Coming in Part II of the novel, this apparent speech on free speech and opinion is questionable in Swift’s satire. It is not clear if Swift means to say that people are entitled to their opinions and should be free to express those opinions since the words here come from a foreign and strange land. What is more, these words are brought to us form Gulliver who offers no reflection or even real understanding.

“My little Friend Grildrig . . . I cannot but conclude the Bulk of your Natives, to be the most pernicious Race of little odious Vermin that Nature ever suffered to crawl upon the Surface of the Earth.

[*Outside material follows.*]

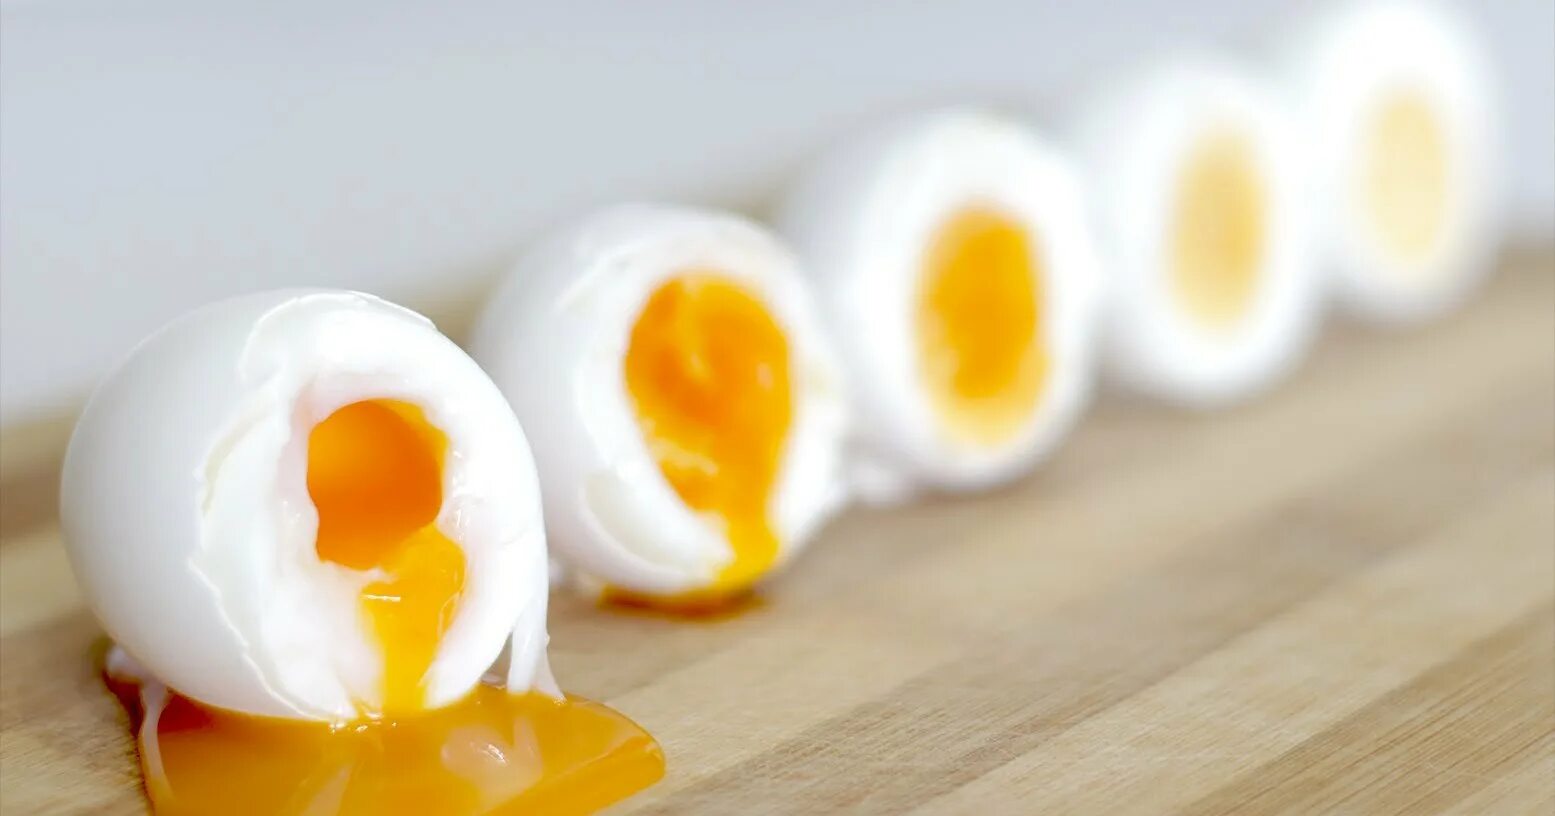 Сколько нужно варить яйца чтобы были жидкие. Яйцо вареное всмятку. Яйцо всмятку яйца вкрутую. Яйца куриные вареные всмятку. Перепелиные яйца всмятку.

This is the denunciation of England by king of Brobdingnag after Gulliver attempts to portray England as a noble place filled with fine and noble people. The king comes to the opposite conclusion based entirely on Gulliver’s own words. The misanthropy of Swift’s satire becomes evident here as the portrayal of England by the English people shows such a self-evidently debased and corrupt culture.

“My Reconcilement to the Yahoo-kind in general might not be so difficult, if they would be content with those Vices and Follies only which Nature hath entitled them to. I am not in the least provoked at the Sight of a Lawyer, a Pick-pocket, a Colonel. . . . This is all according to the due Course of Things: But, when I behold a Lump of Deformity, and Diseases both in Body and Mind, smitten with Pride, it immediately breaks all the Measures of my Patience; neither shall I ever be able to comprehend how such an Animal and such a Vice could tally together.”

Gulliver’s final statement on the nature of humanity at the end of the novel. After all that he has seen in his travels, his final conclusion is that humanity is little more than a vicious and corrupt beast equipped with just enough knowledge to be dangerous. Swift’s satire becomes cruel at the end with no happy judgment on the human condition.